*** DATA FOR REVIEW ***

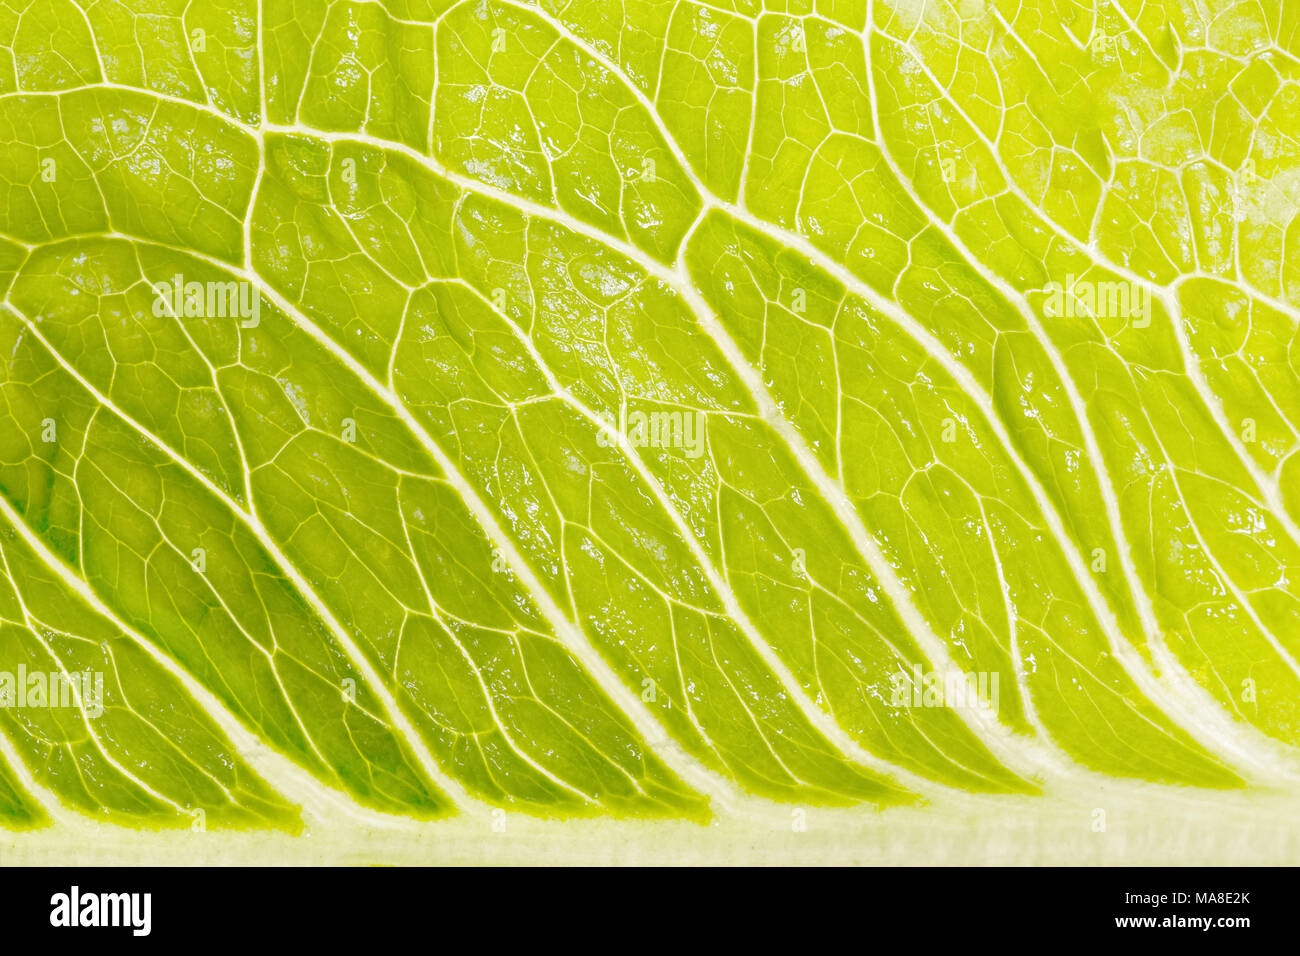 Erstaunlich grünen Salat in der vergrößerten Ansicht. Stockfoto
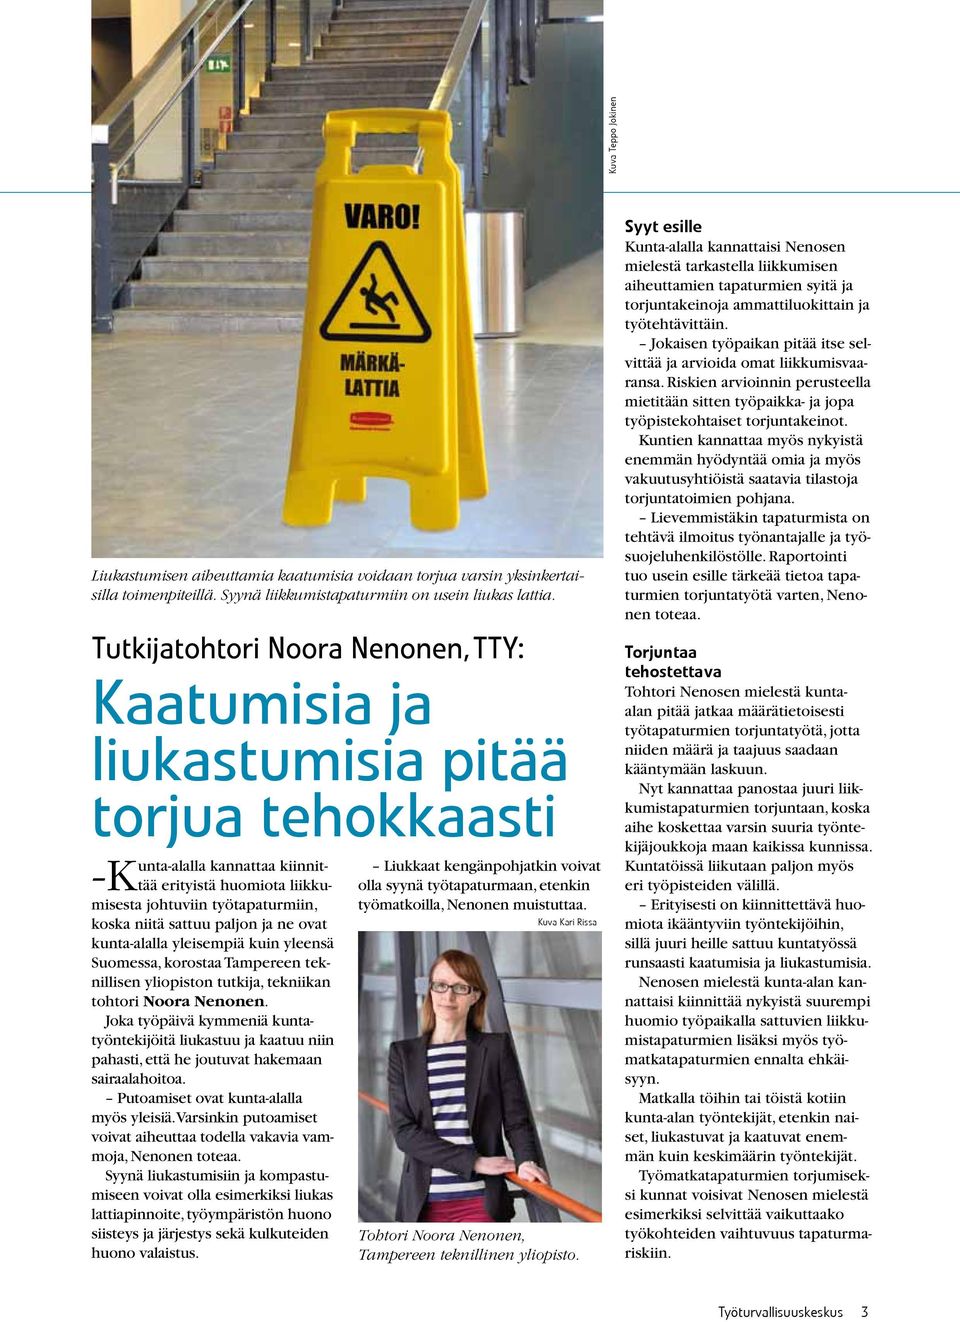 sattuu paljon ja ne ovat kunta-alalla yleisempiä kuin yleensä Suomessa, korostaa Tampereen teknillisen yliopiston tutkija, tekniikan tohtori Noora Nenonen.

***
*** DATA FOR REVIEW ***

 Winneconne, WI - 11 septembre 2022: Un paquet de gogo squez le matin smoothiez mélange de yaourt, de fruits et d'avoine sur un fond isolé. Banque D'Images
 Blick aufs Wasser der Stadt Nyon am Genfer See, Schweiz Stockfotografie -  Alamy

***
*** DATA FOR REVIEW ***

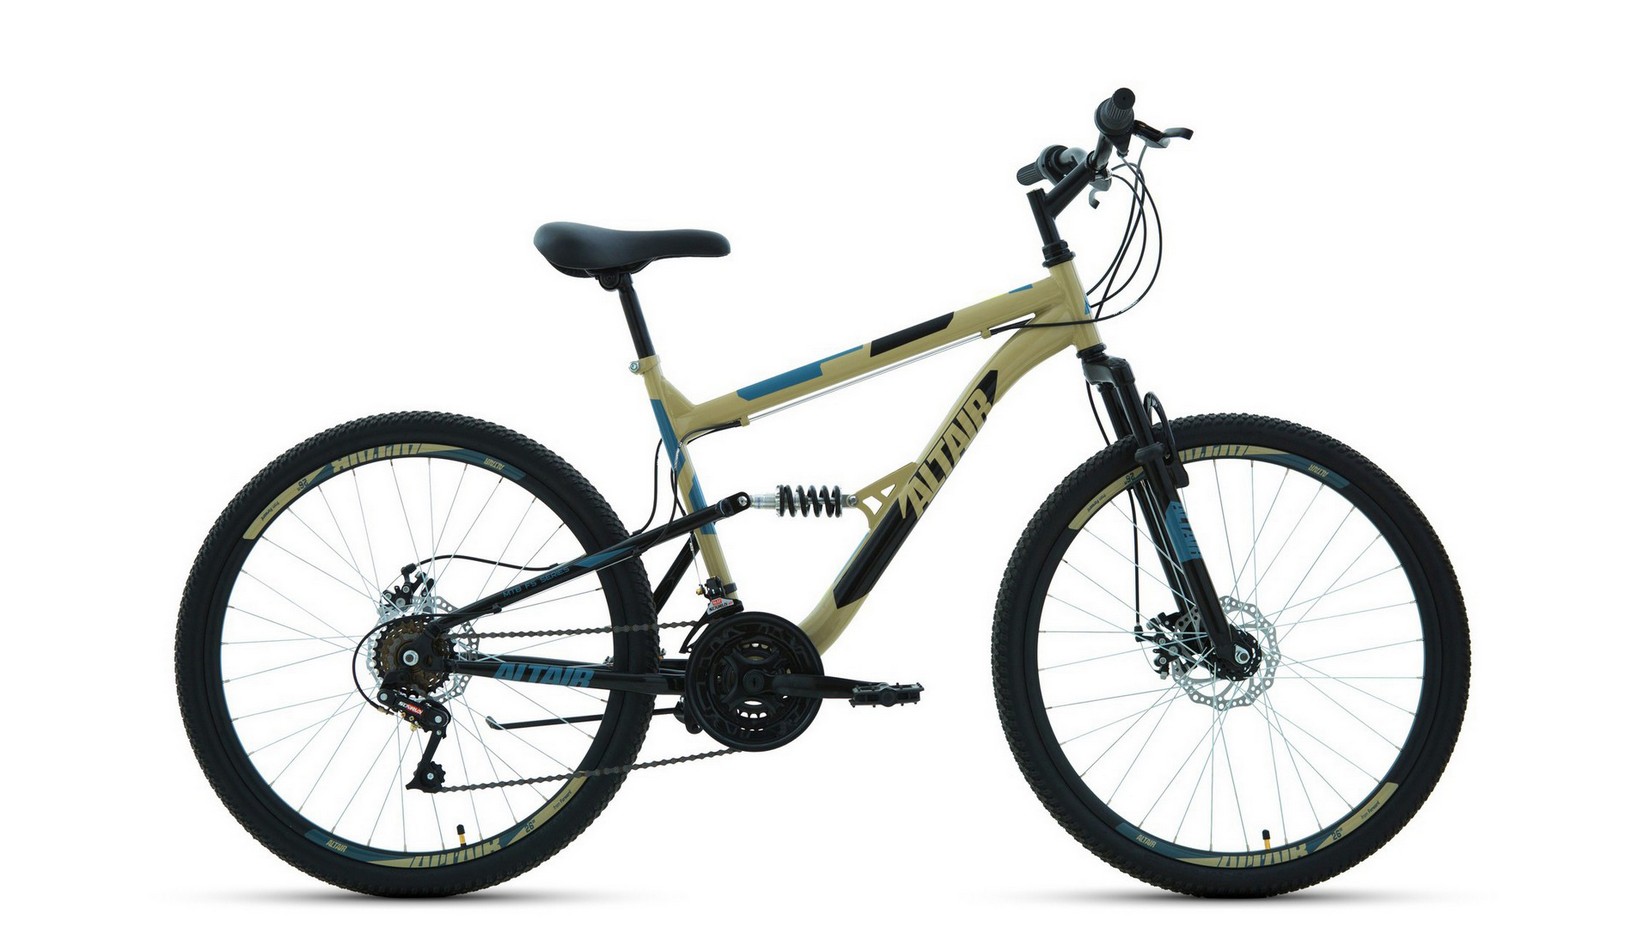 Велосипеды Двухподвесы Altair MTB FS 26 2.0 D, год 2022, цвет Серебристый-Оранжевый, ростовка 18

***

### [WHAT THE EXERCISE ASKS]
If a picture sits between the line containing "Erstaunlich grünen Salat" and the line containing "sattuu paljon ja", leave it out, and return the lines of that range above exactly, both ends included.

### [ANSWER SPACE]
 Erstaunlich grünen Salat in der vergrößerten Ansicht. Stockfoto
 sattuu paljon ja ne ovat kunta-alalla yleisempiä kuin yleensä Suomessa, korostaa Tampereen teknillisen yliopiston tutkija, tekniikan tohtori Noora Nenonen.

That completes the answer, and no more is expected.